This last attempt at CP25k, I did the first seven weeks faithfully doing three runs a week with the GetRunning App on my iPhone5 in a running belt and with a 12 ounce bottle of water in hand. I believed in "claire" and was able to do the runs exactly as instructed.
After the W7 Run 3 I was so drained that I had to take a nap in the afternoon, and was feeling like I was so worn down that I felt I could easily fall sick. At this point I decided to diverge from the GetRunning app suggested schedule and only run when I felt both I was strong enough to run, and that the after-run weakness would not interfere with my responsibilities. I ended up recovering for 12 days before W8R1, and then running only once or twice a week for the rest of the program.
As far as time and pace, I run slow - at 30-40th percentile of my age group of 5k results posted on the Internet, and also according to the "age rated" running web calculator.
To do a 5k instead of the 30 minute run for the W9 Run 3, I created a custom workout in iSmoothRun of 3 minutes warm up and a 5k steady interval at my 30 minute pace. Just like in the 30 minute runs, the first minutes seemed to drag by, but near the middle I seemed to stop thinking about the time and just focused on running with good "Chi Running" form. In what seemed no longer than the previous 30 minute runs, the app announced that I had 800 meters left, and soon it said 400 meters left.
While I imagined I was a runner with reserve energy to pick up my pace to the end, my legs were imagining something different. Soon the app announced my 5k time and average pace and I slowed to a very, very slow walk. I wanted to jump from the excitement of completing my first 5k, but my legs were focused on the walk back to the apartment.
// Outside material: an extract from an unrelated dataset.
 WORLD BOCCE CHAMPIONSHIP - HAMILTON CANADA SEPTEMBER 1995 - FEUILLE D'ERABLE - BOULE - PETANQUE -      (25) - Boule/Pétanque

I have done a second 5k (in 38:08 for 7:38 average pace) plus another 0.5k interval after a few minutes recovery. I probably should not have done the extra as one of my calf muscles was painfully stiff a few hours later and continues the next day. Getting up and walking seems to quiet the pain.
So what do I consider the secrets to my success this time where not before? First and foremost having Claire along for the runs, and having an application to time the intervals. Second, I feel that running on the sidewalk (and having to avoid dog doo), instead of running on the treadmill, provided more diversion for my mind. I knew that success depended on changing my thinking from "how long till I can stop", to not thinking about how hard or how long or even how slow I was running. I am sure that a real runner would be more focused on form or pace, and I did sometimes manage to comply when the iSmoothRun announced "Speed up" or "Slow down". Also, when I would feel a little twinge of pain, I would try to analyze my form to see if adjusting my lean or allowing my hips to move more would eliminate the feeling, but within seconds I returned to watching for dog doo and would forget all about feelings or the time.
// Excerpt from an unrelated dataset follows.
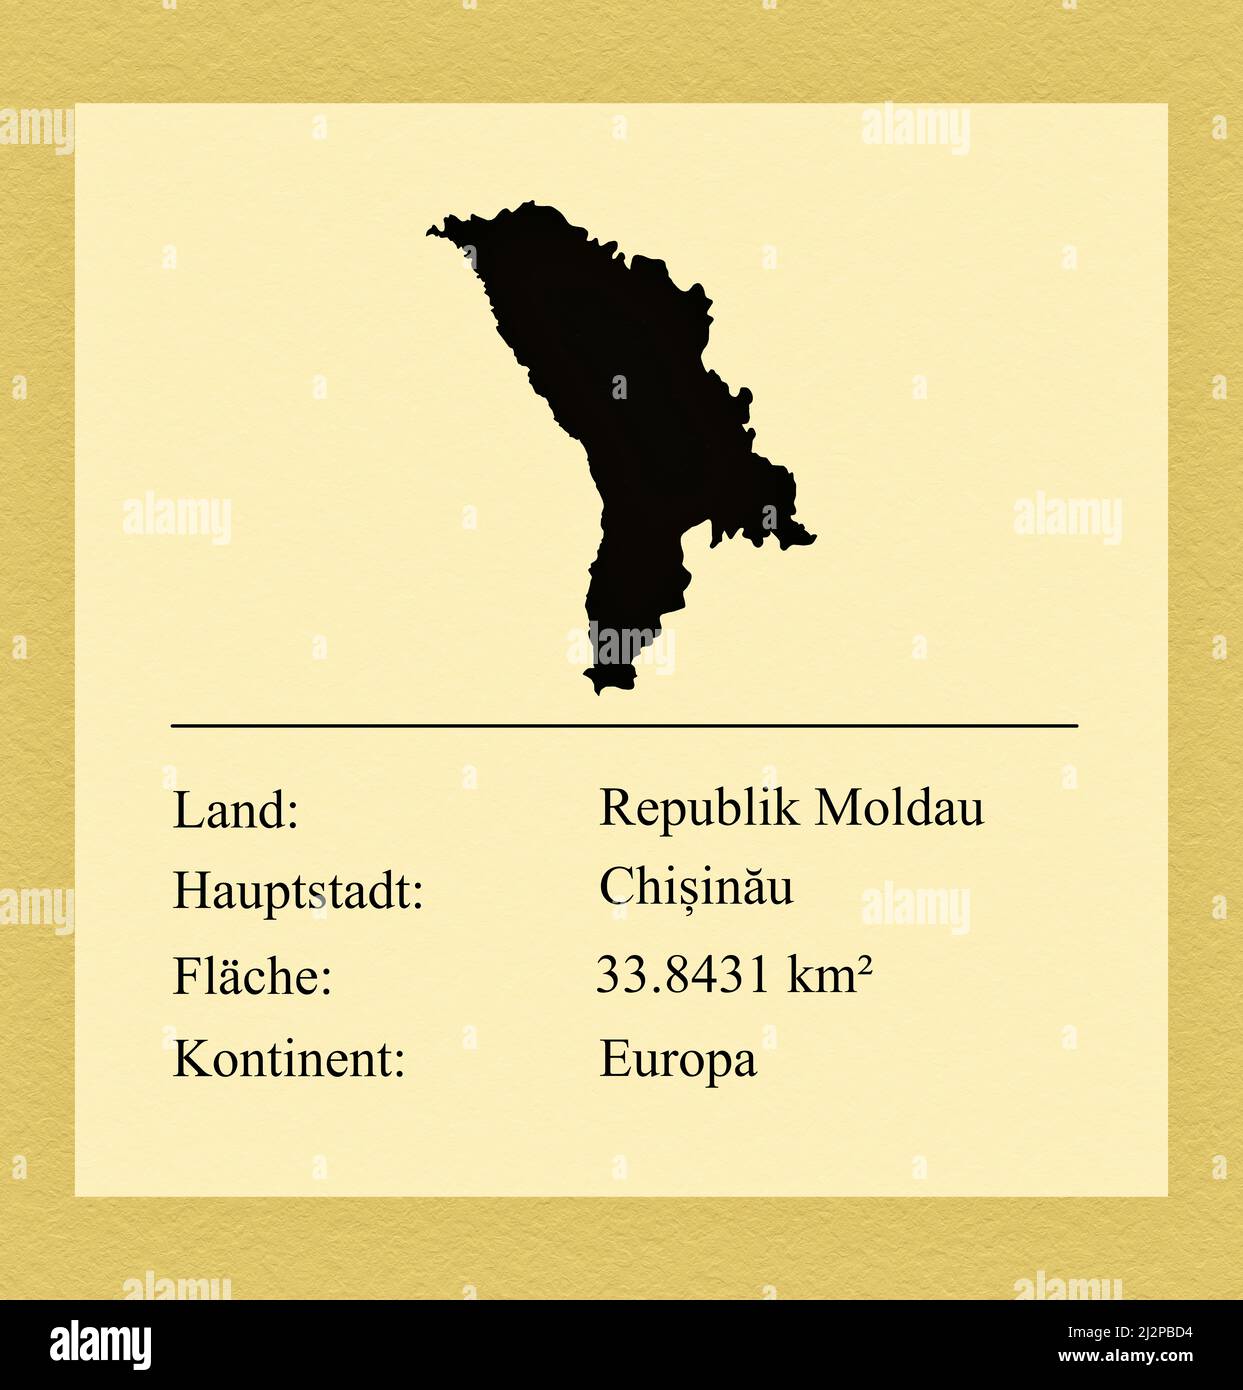 Umrisse des Landes Republik Moldau, darunter ein kleiner Steckbrief mit Ländernamen, Hauptstadt, Fläche und Kontinent Foto Stock

(I'm not sure if switching from Nike Air Monarch to the much lighter weight Nike FlexRun 2013 shoe made any difference, but knowing the shoes were lighter gave me the impression I did not have to work as hard to run.)
It has been great fun to read about others' progress here on the forum. I wish you the success you desire and that you will soon feel the contentment I feel to have achieved this goal that I set out to accomplish so many years ago.